BEGIN Supplied material

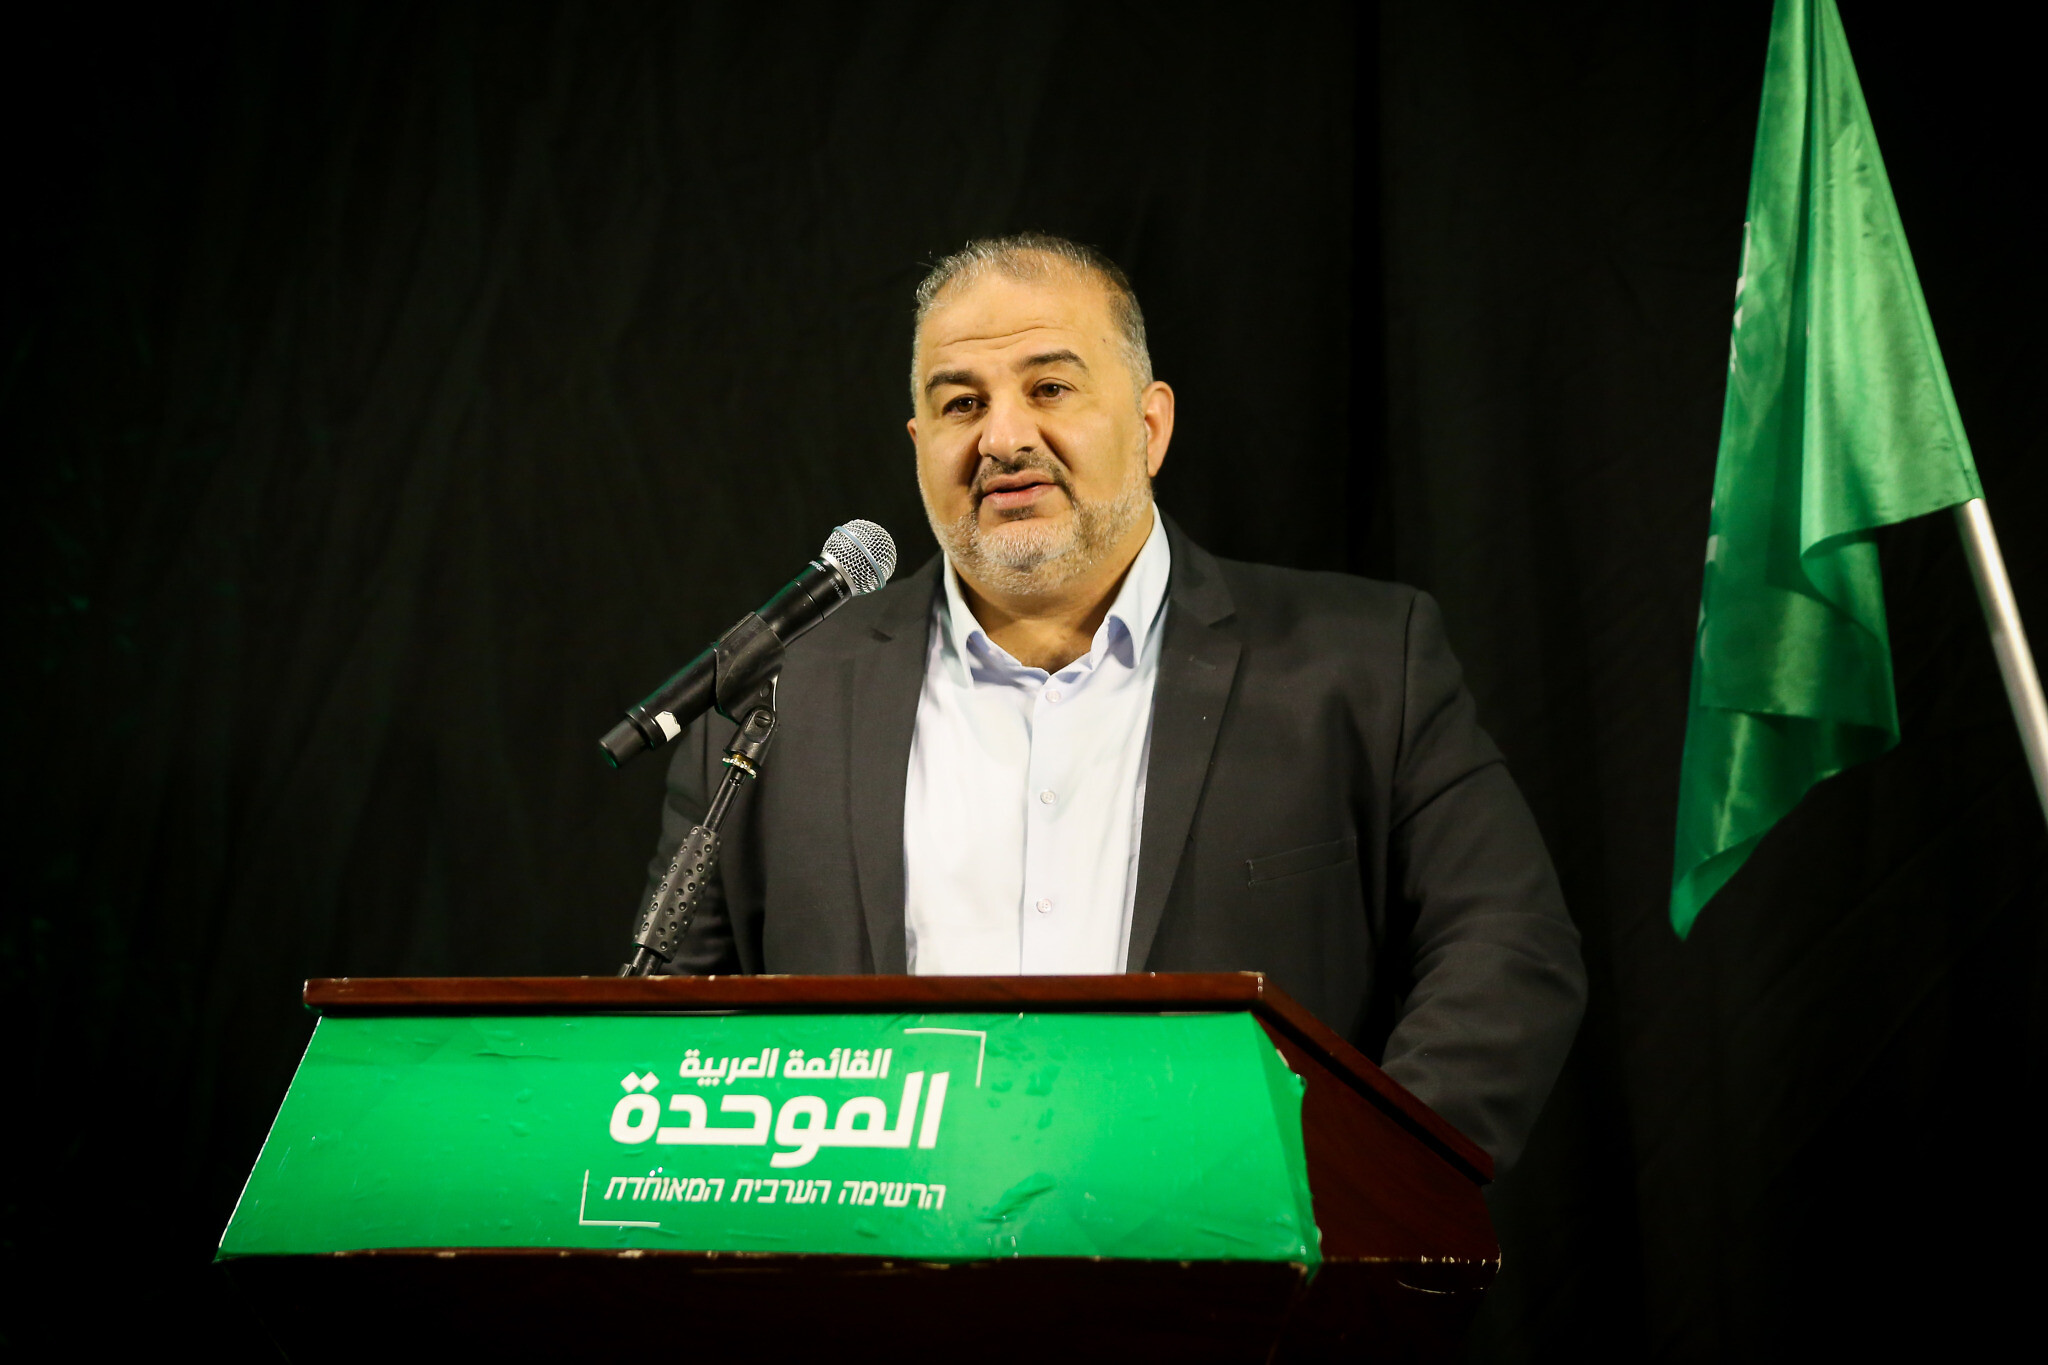 Исламист Аббас призывает к еврейско-арабскому сотрудничеству
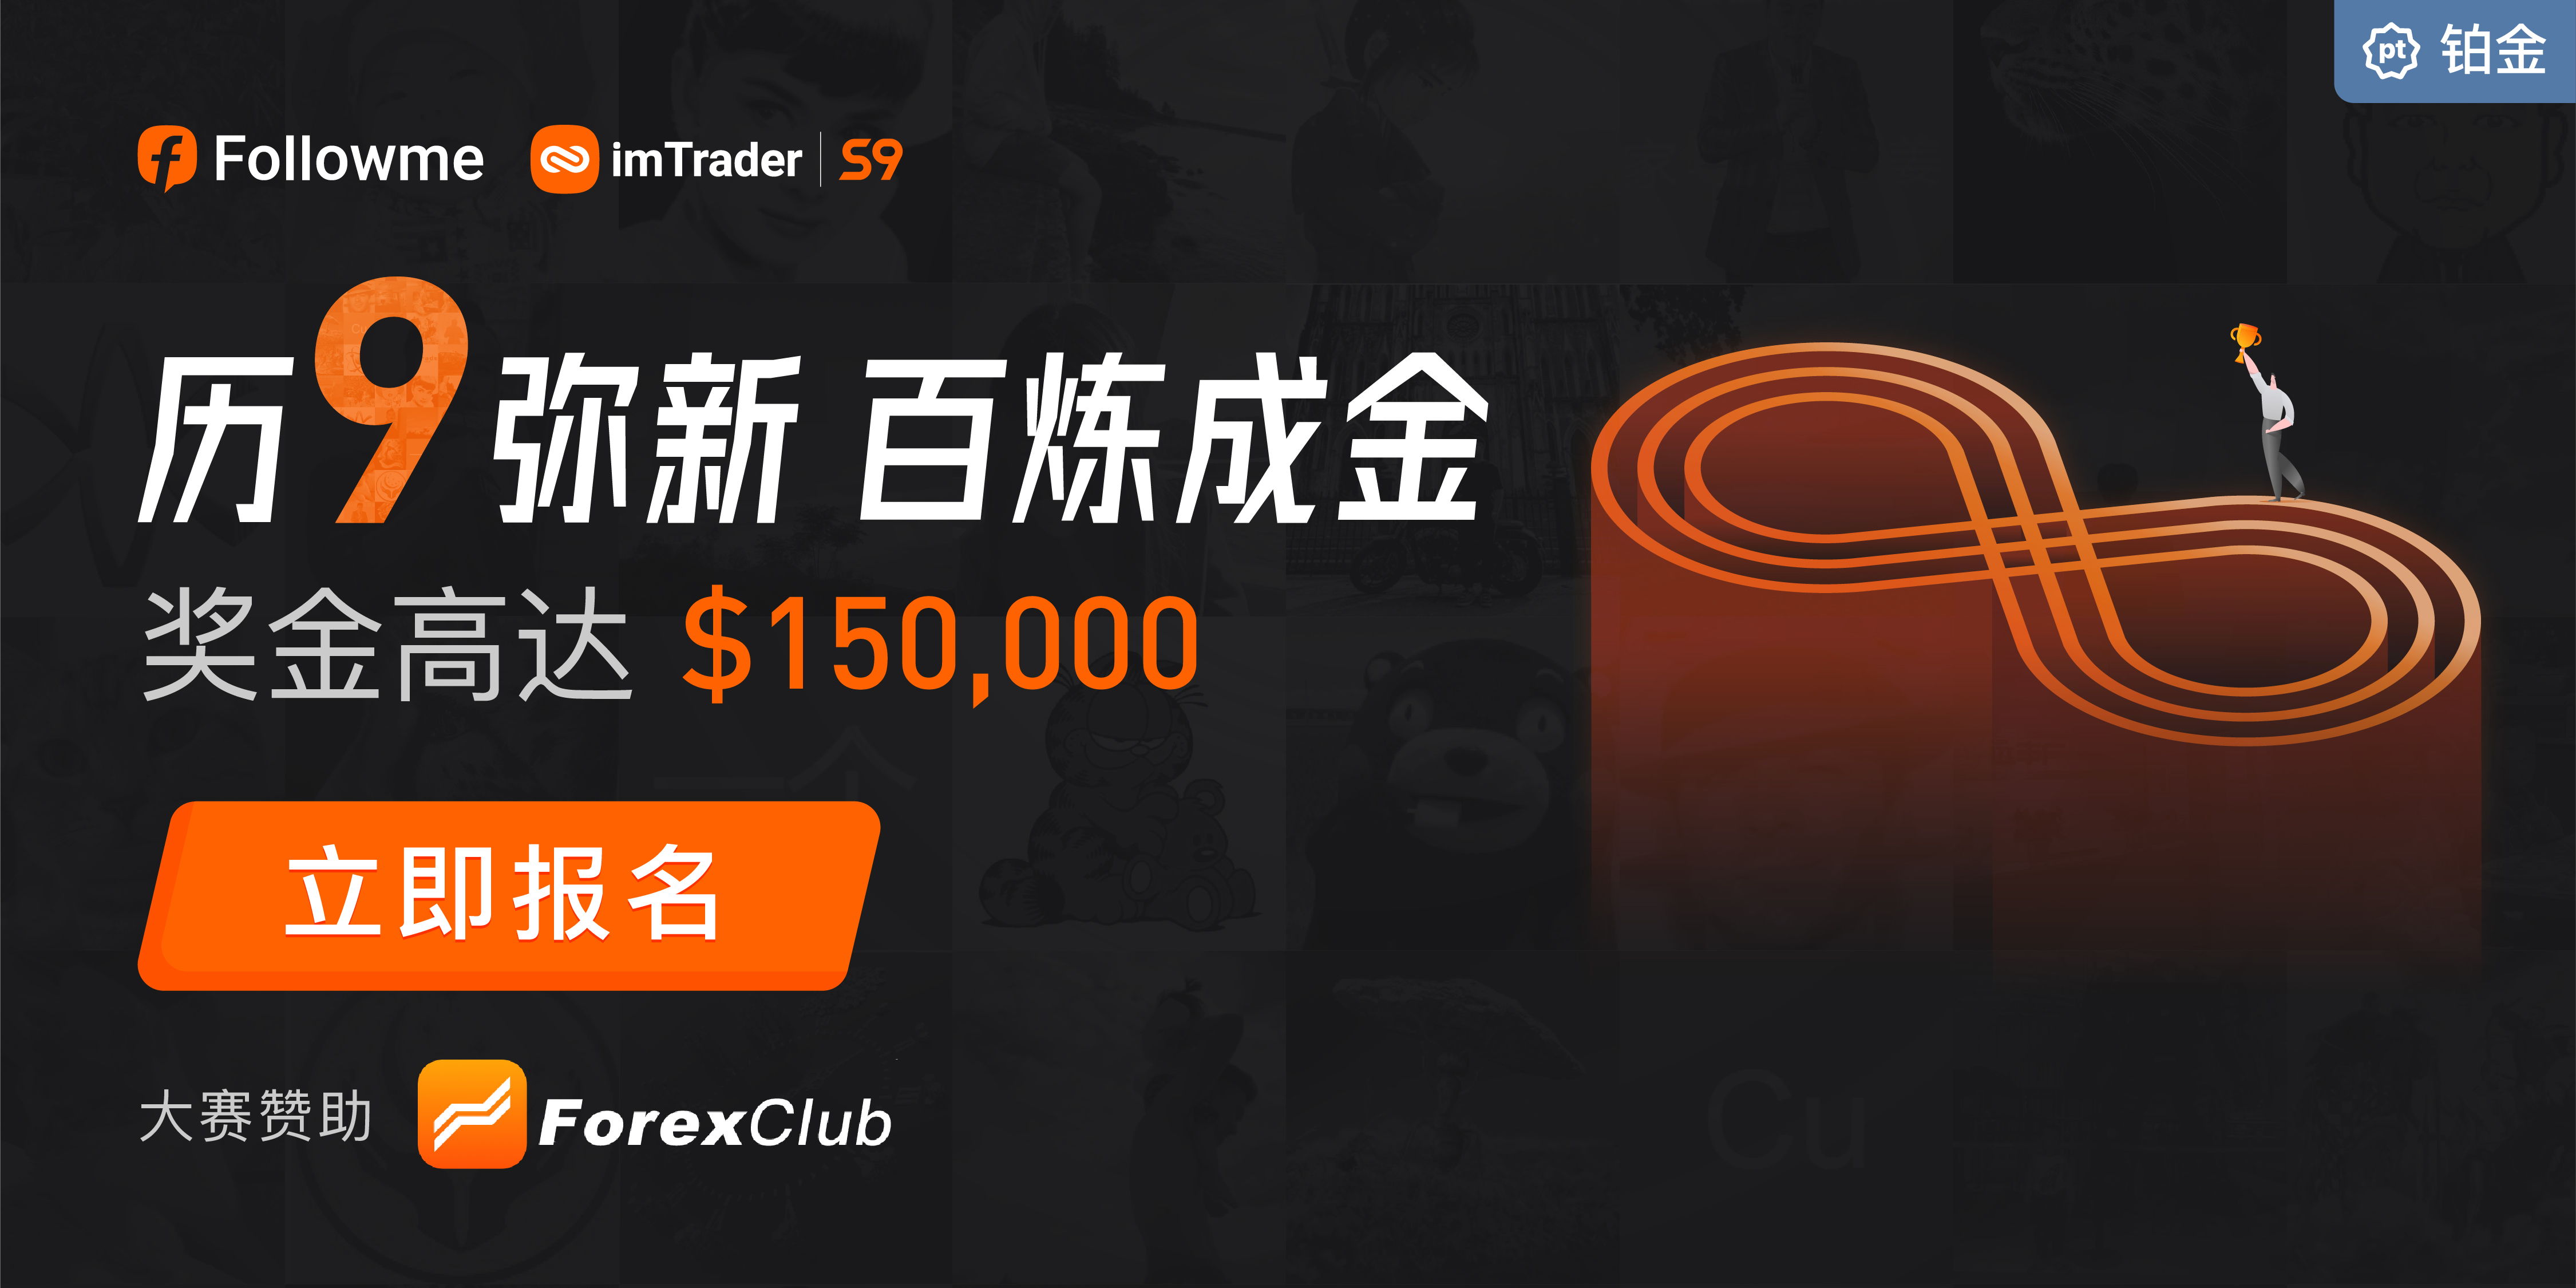 大赛已突破 2,500 个账户参赛，ForexClub 倾情赞助！
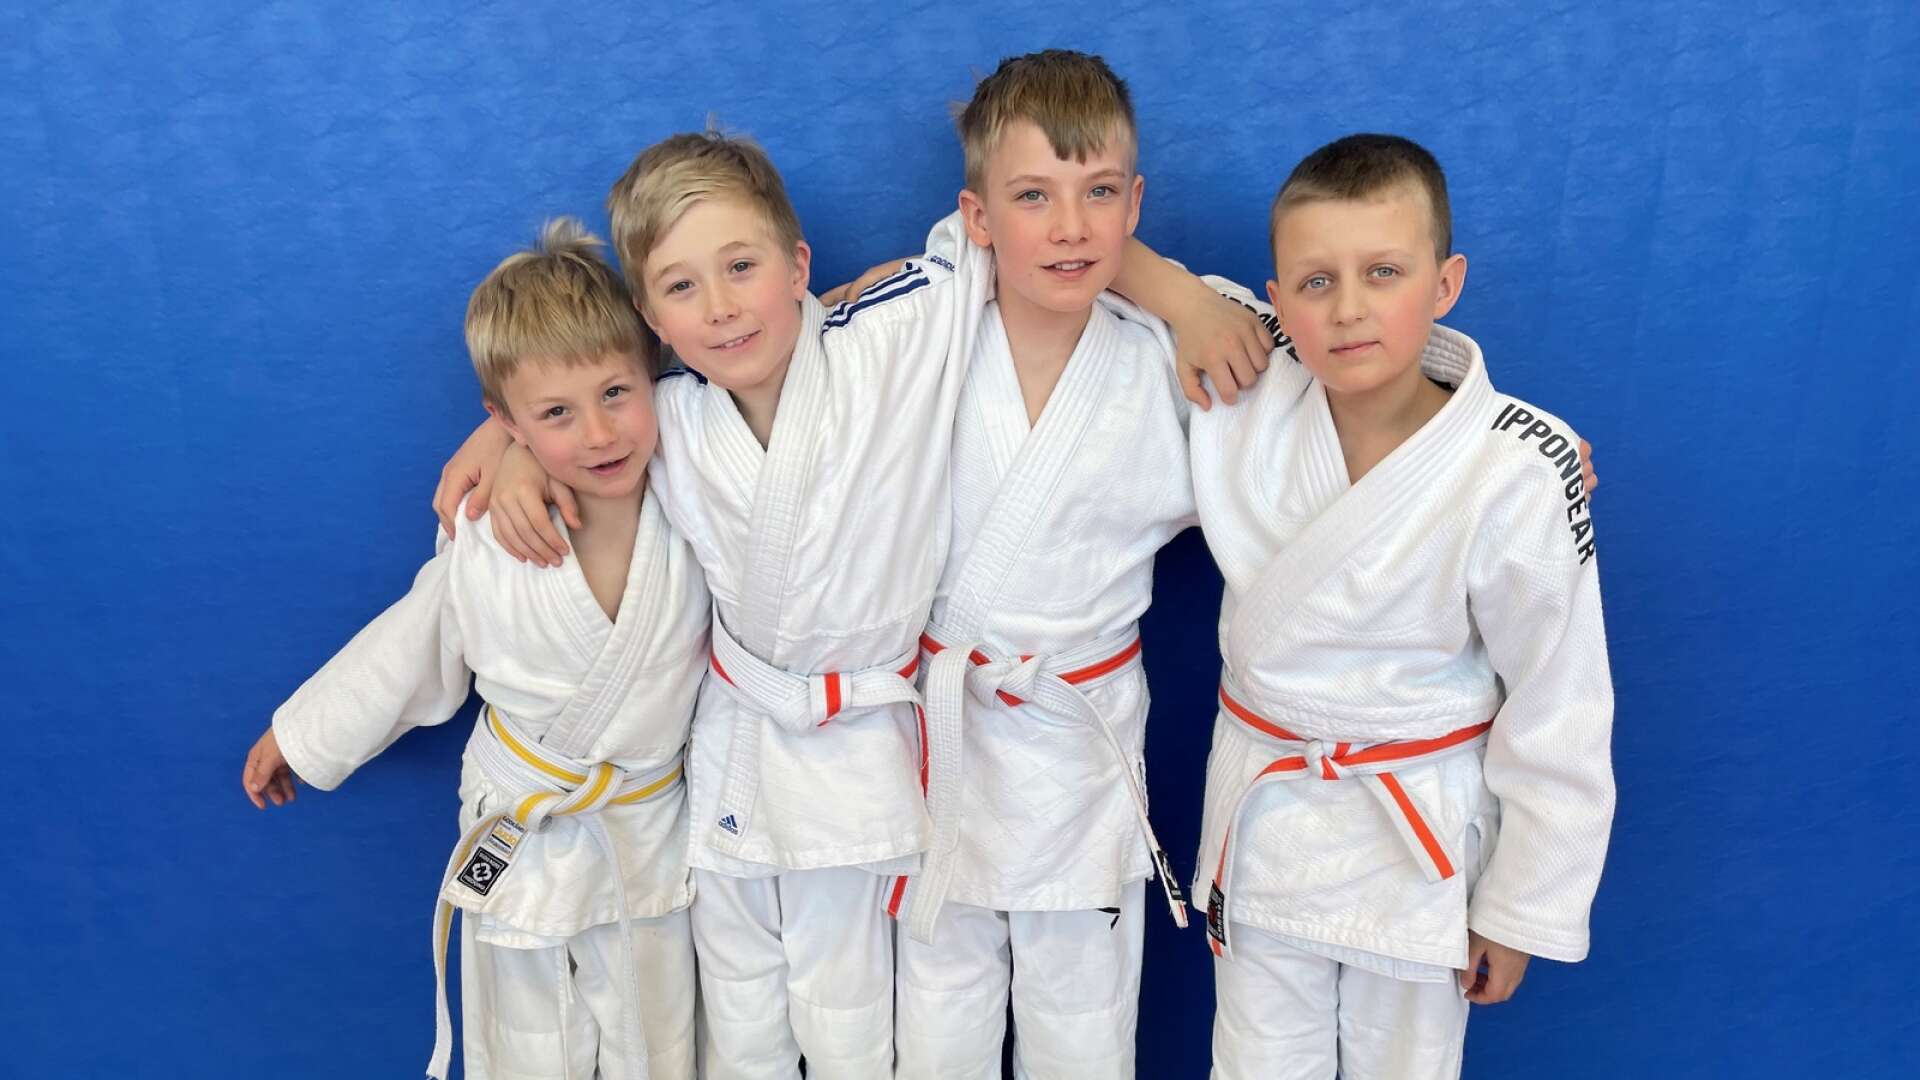 Mariestads judokillar från vänster, Oscar Carlsson, John Carlsson, Elton Geber, Theo Gilbertsson

END Supplied material

> Work instruction:
The listing should be transcribed exactly. No picture is to appear in the transcription.

> Problem solution:
 Исламист Аббас призывает к еврейско-арабскому сотрудничеству
 大赛已突破 2,500 个账户参赛，ForexClub 倾情赞助！
 Mariestads judokillar från vänster, Oscar Carlsson, John Carlsson, Elton Geber, Theo Gilbertsson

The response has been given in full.